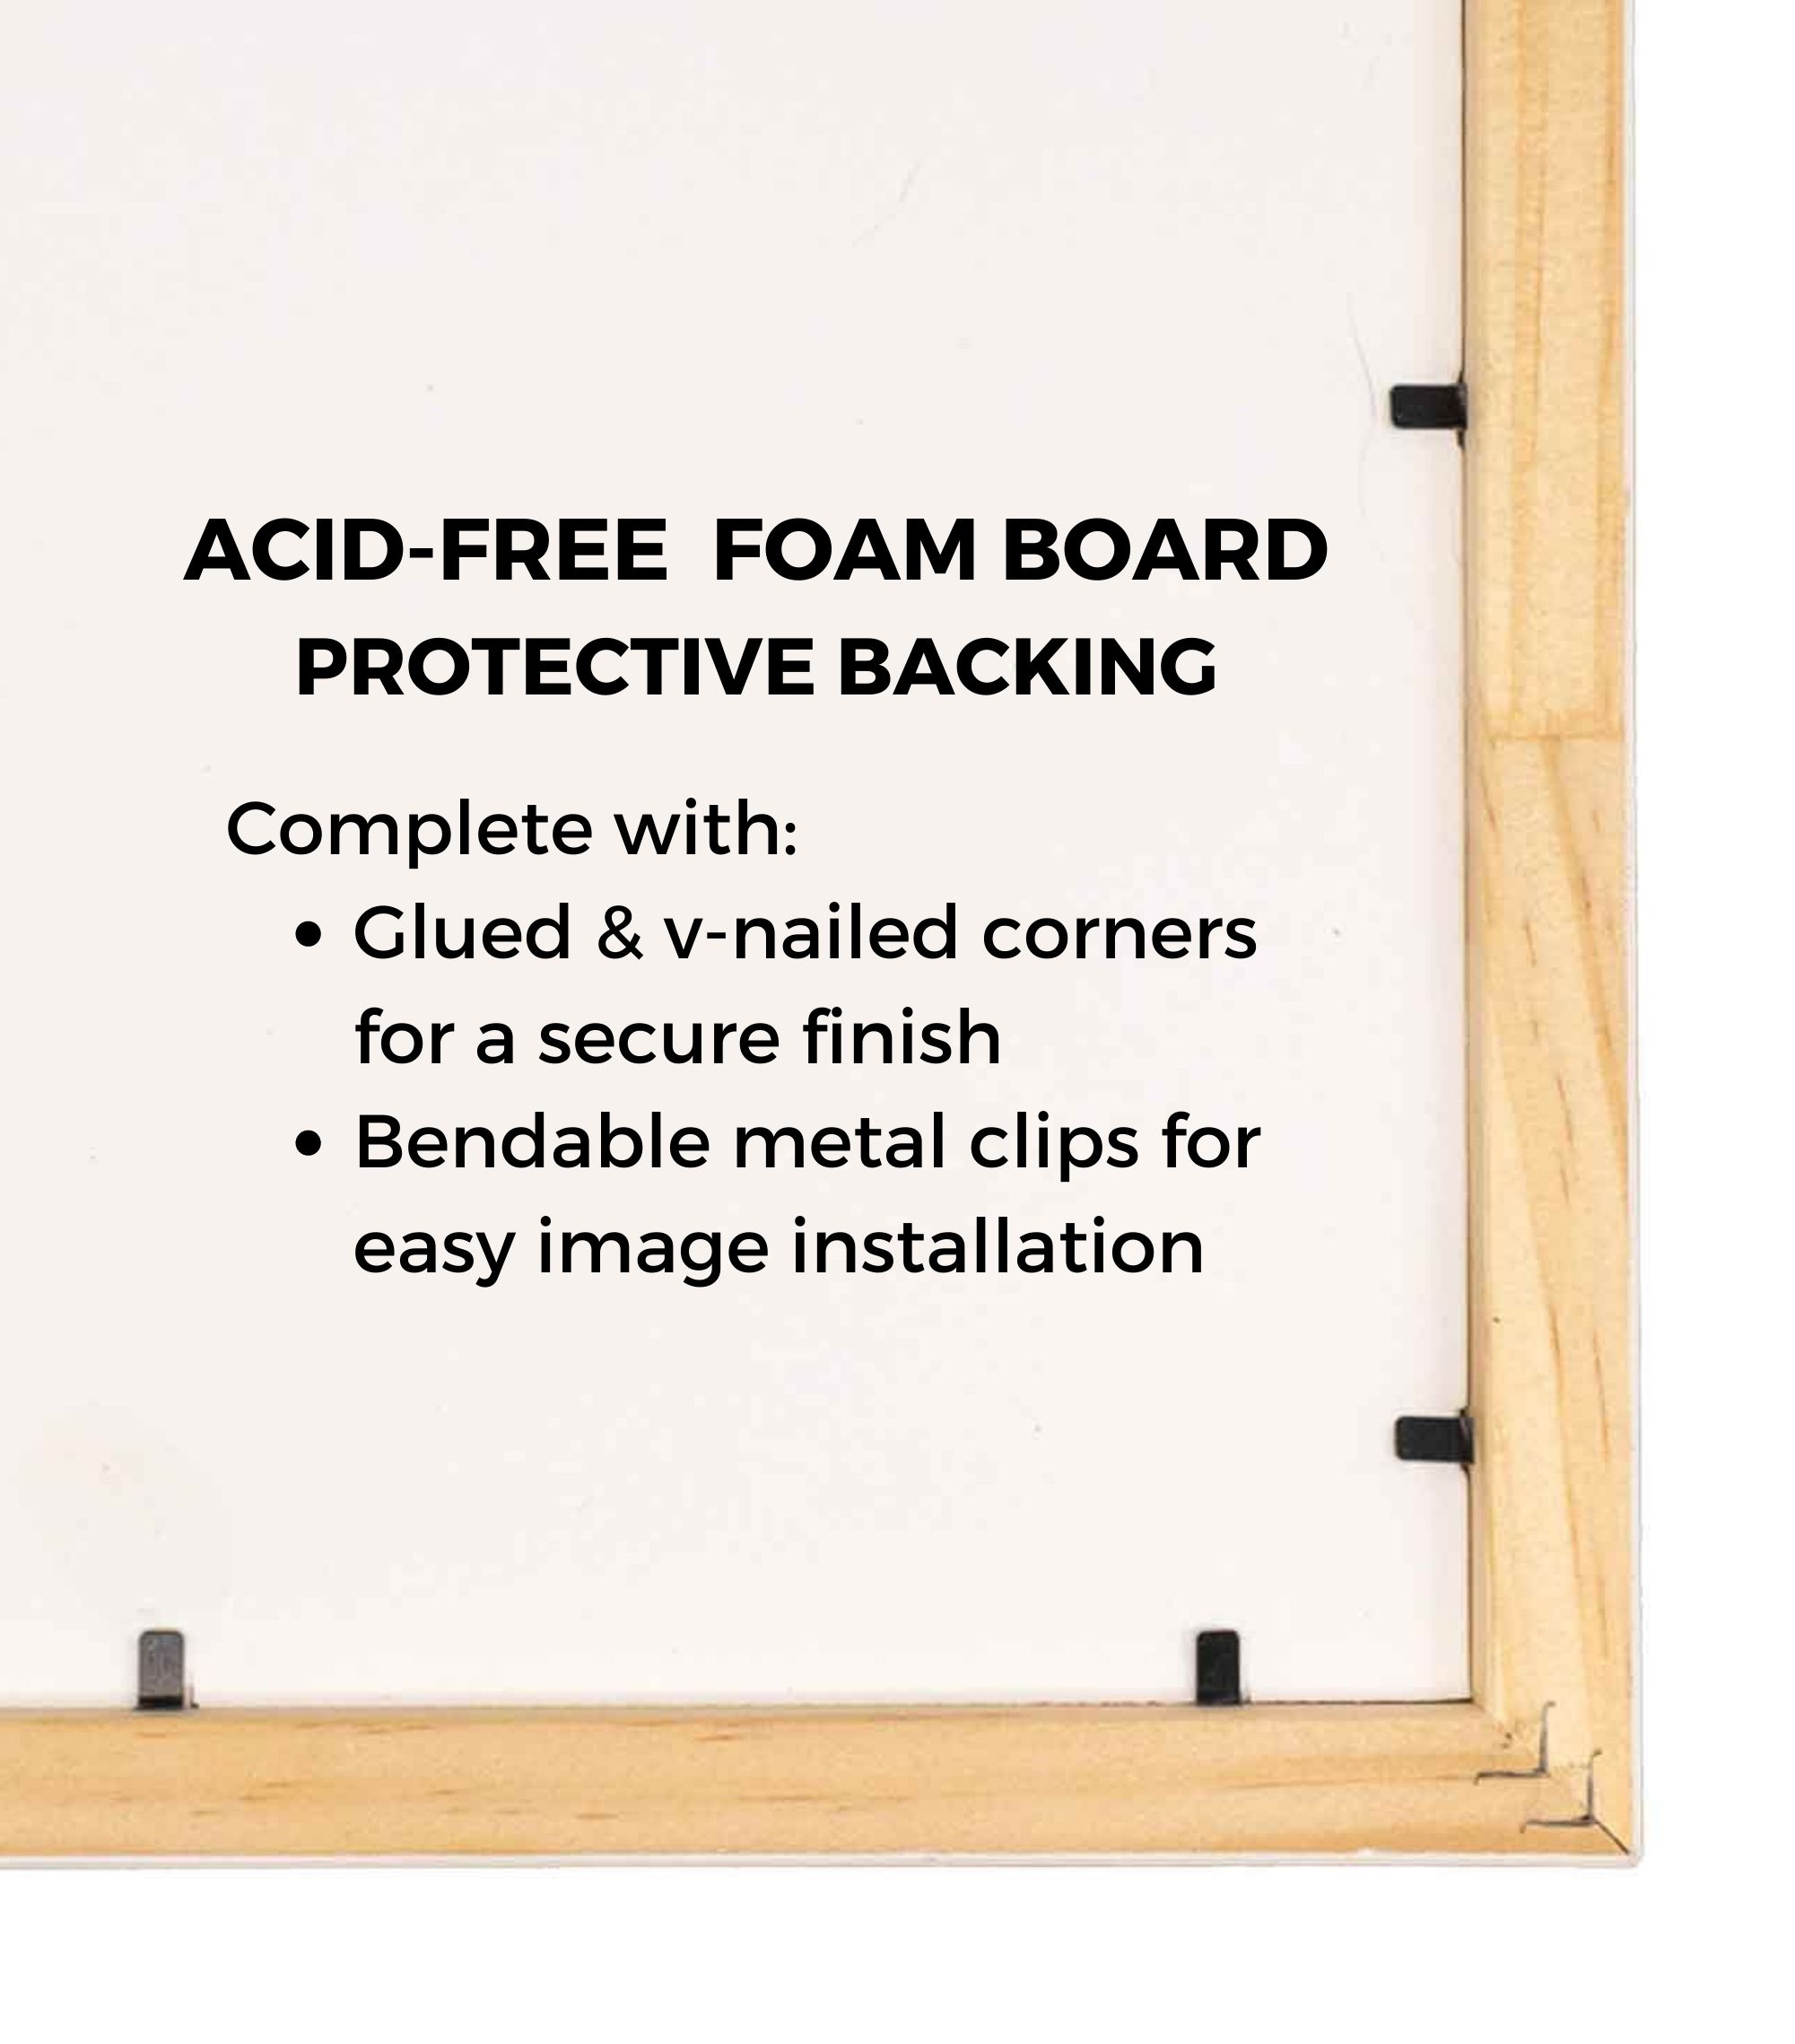 CustomPictureFrames.com 24x32 Flat Charcoal Grey Wood Frame - "The Edge" Medium - Great for Posters, Photos, Art Prints, Mirror, Chalk Boar
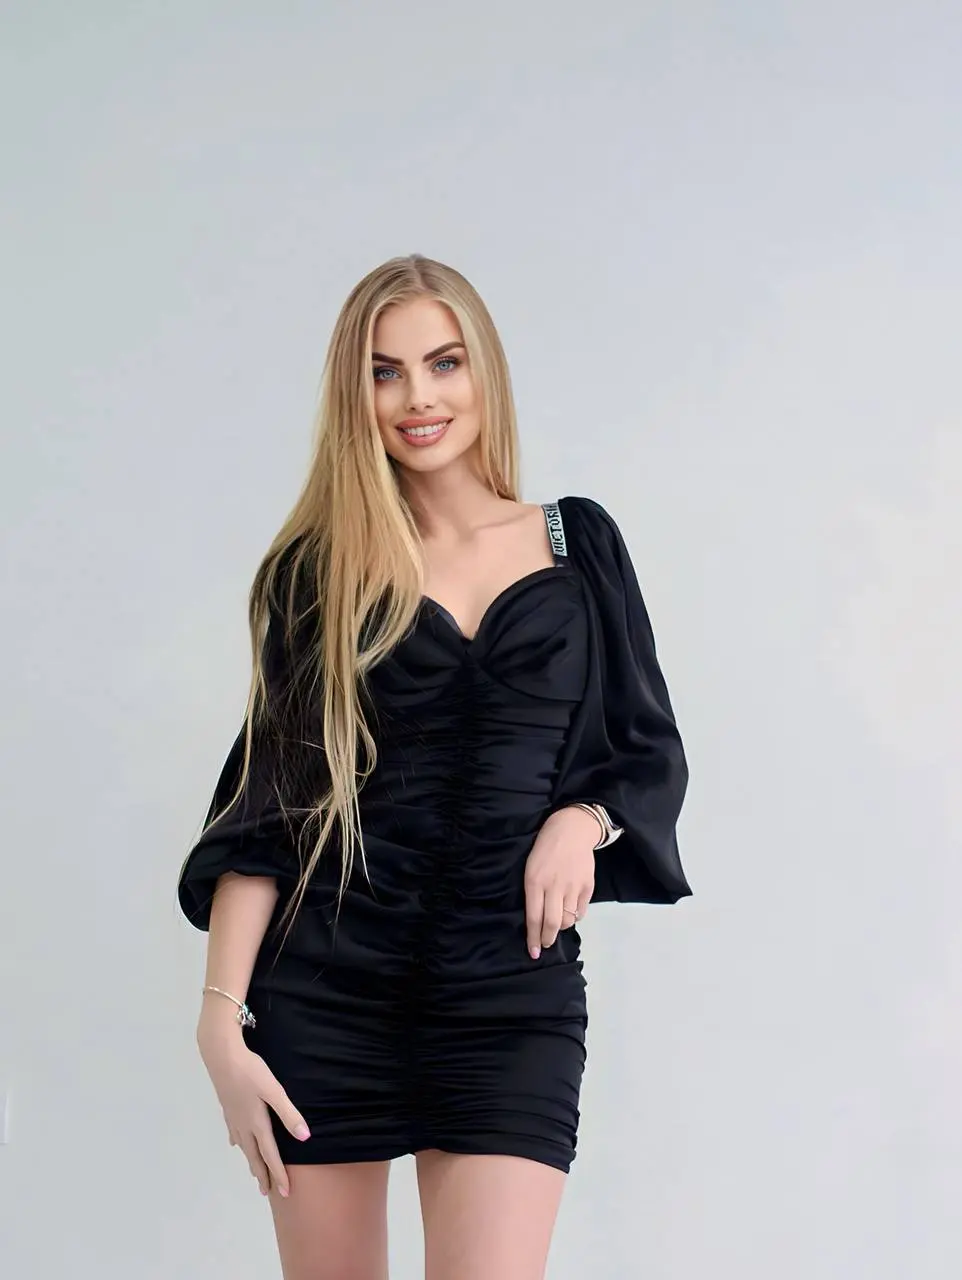 Polina ukrainian brides agency
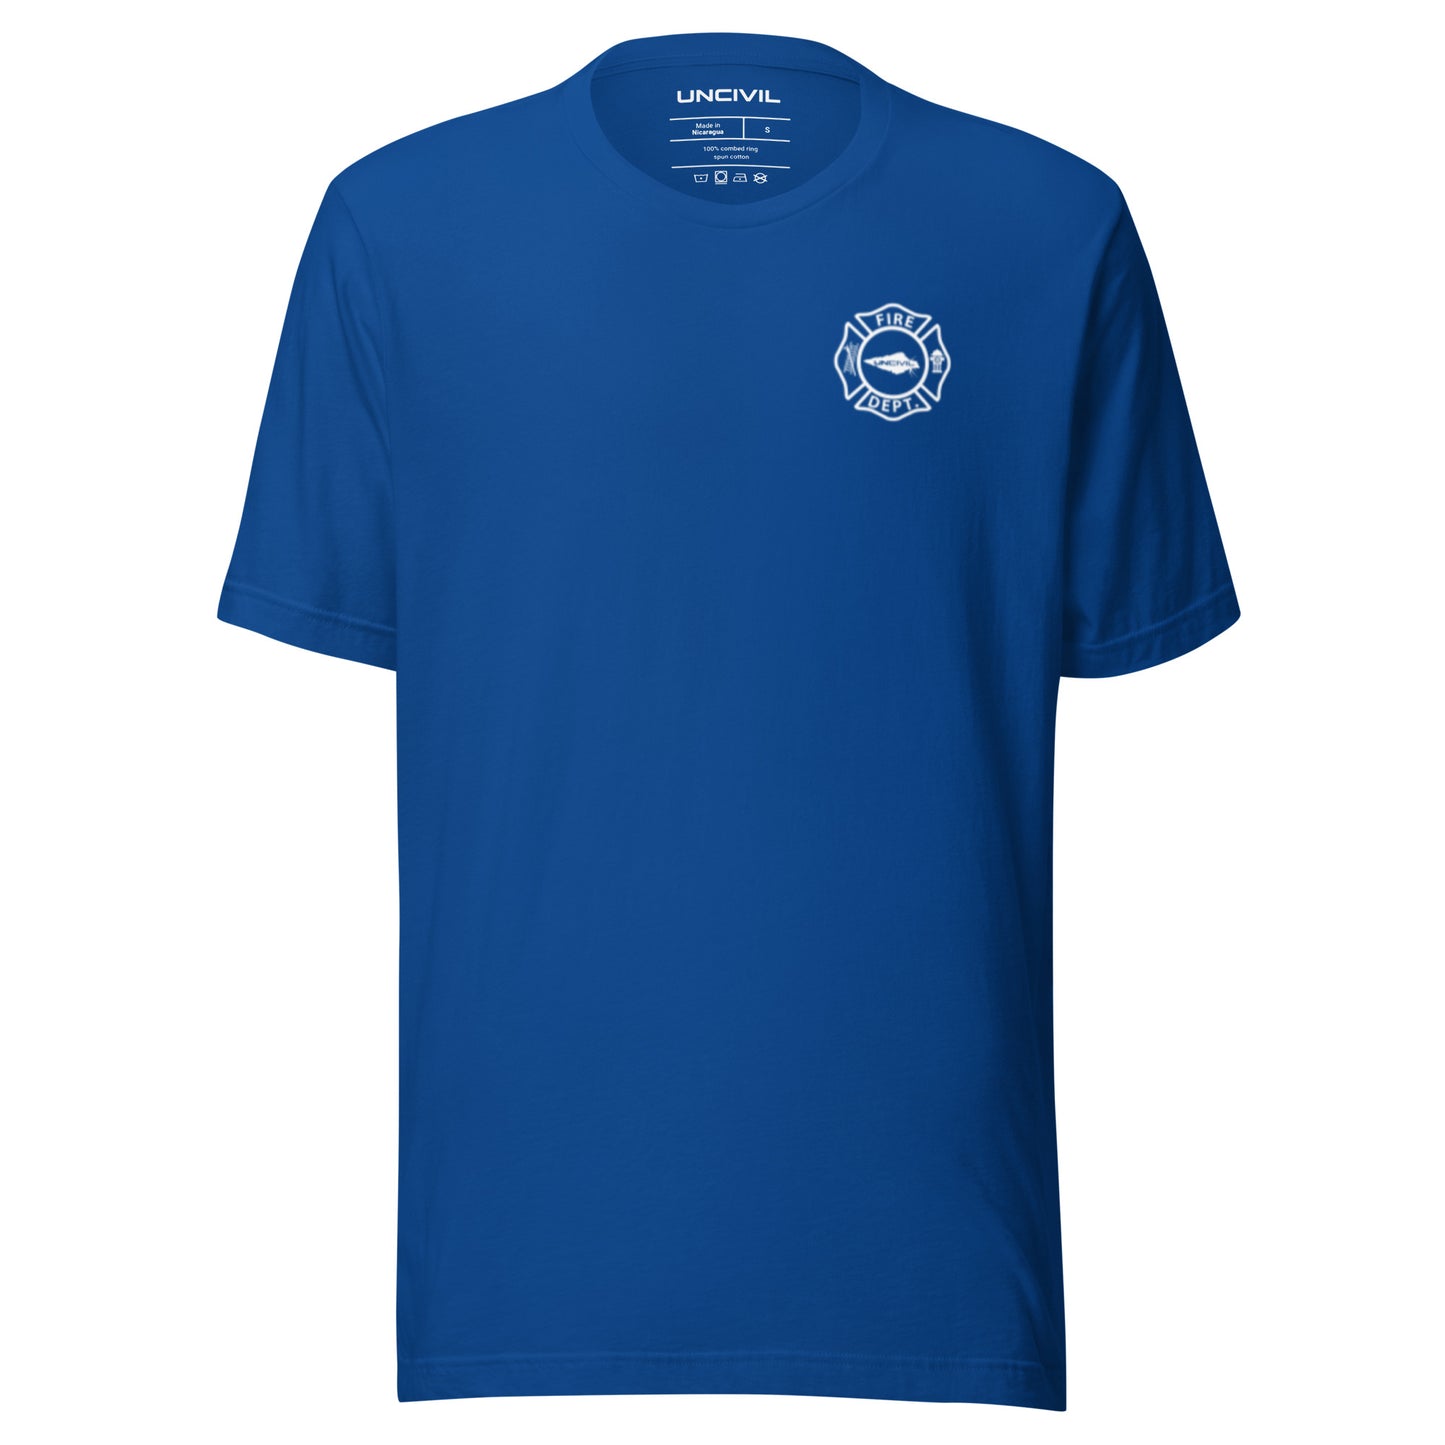 Keys to the City Halligan shirt, Royal blue unisex t-shirt with maltese cross
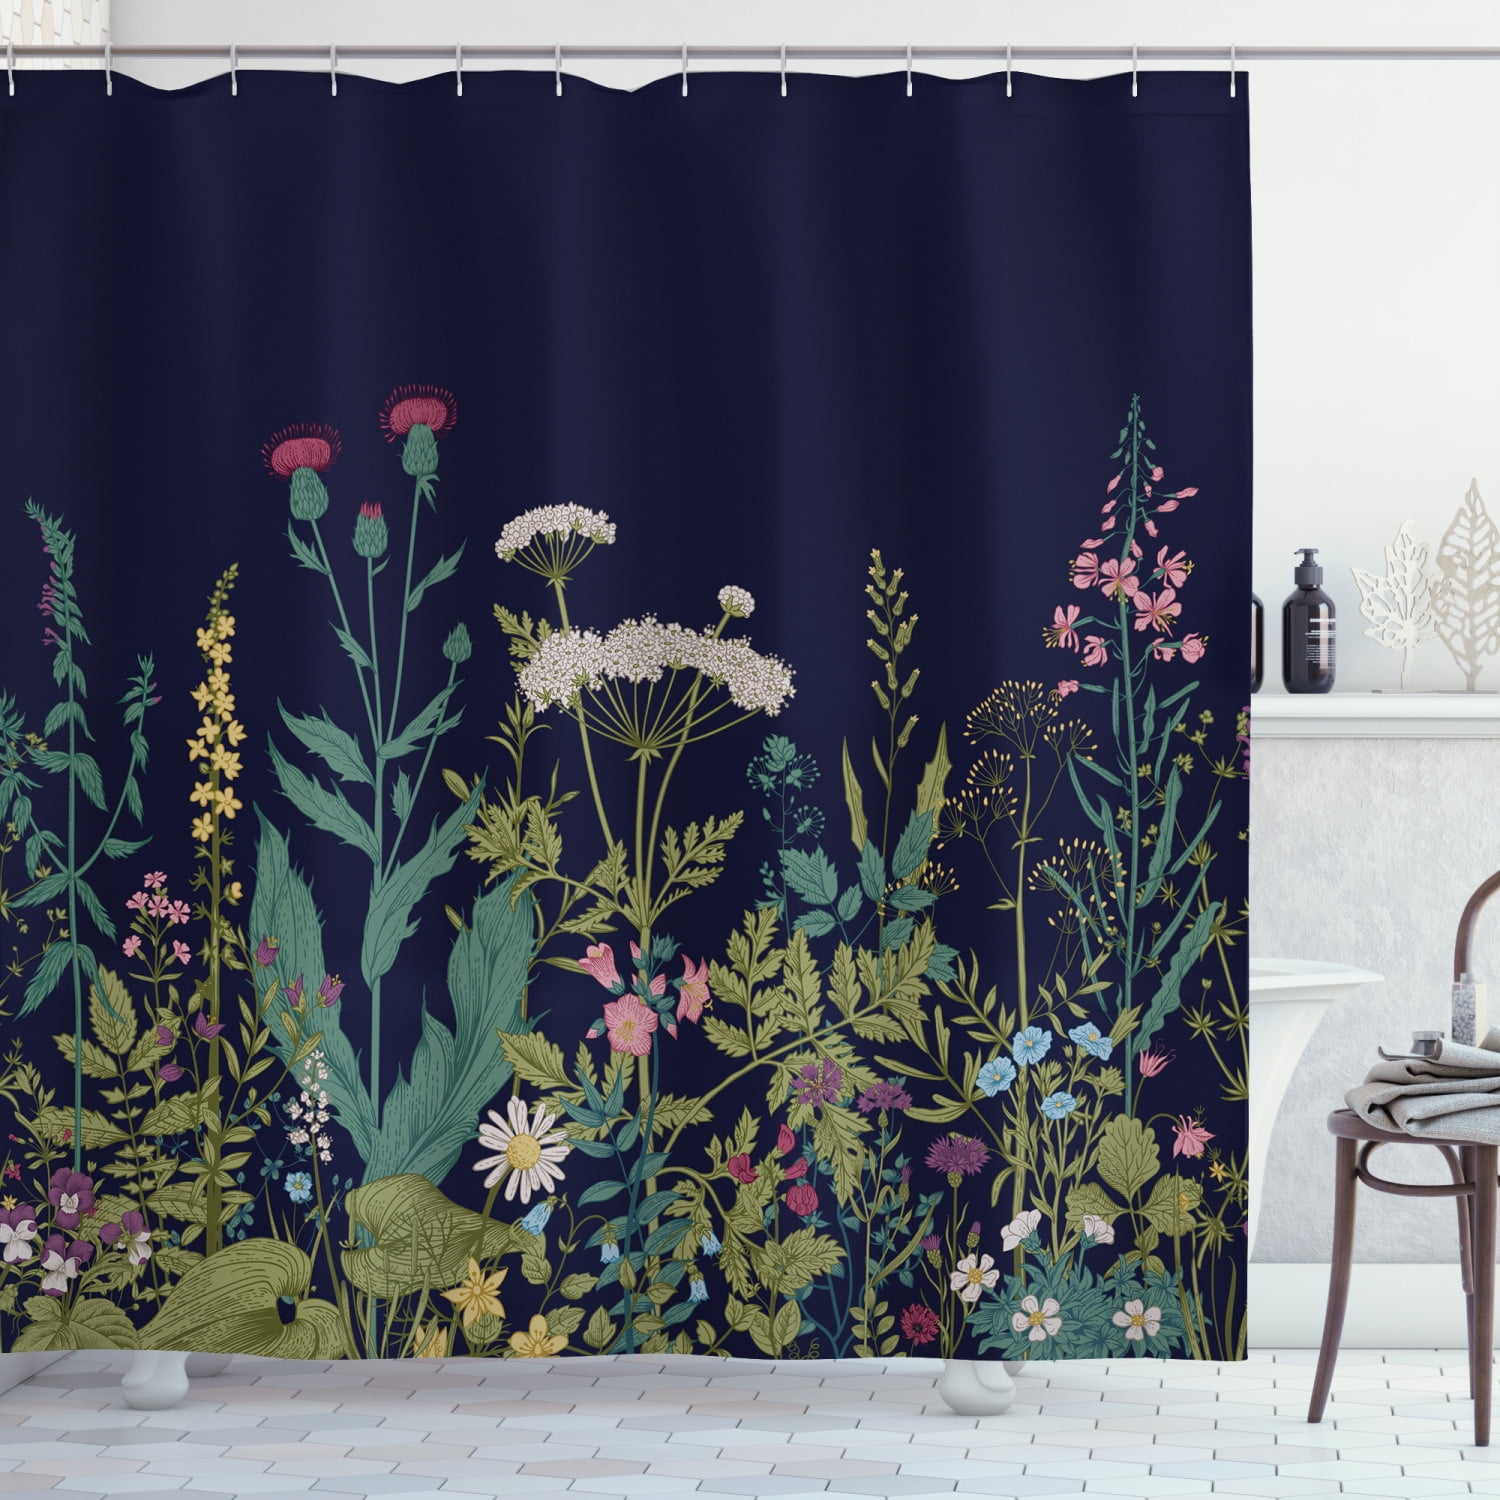 12 Hooks Cartoon Lotus and Fish Bathroom Accessories Fabric Shower Curtain Sets

= = =

PROBLEM TO WORK ON
Only the lines from the one with "Polina ukrainian brides agency" through the final line of the data should be written out, exactly and including both ends. Skip the pictures.

OUTPUT OF THE EXERCISE
 Polina ukrainian brides agency
 Keys to the City Halligan shirt, Royal blue unisex t-shirt with maltese cross
 12 Hooks Cartoon Lotus and Fish Bathroom Accessories Fabric Shower Curtain Sets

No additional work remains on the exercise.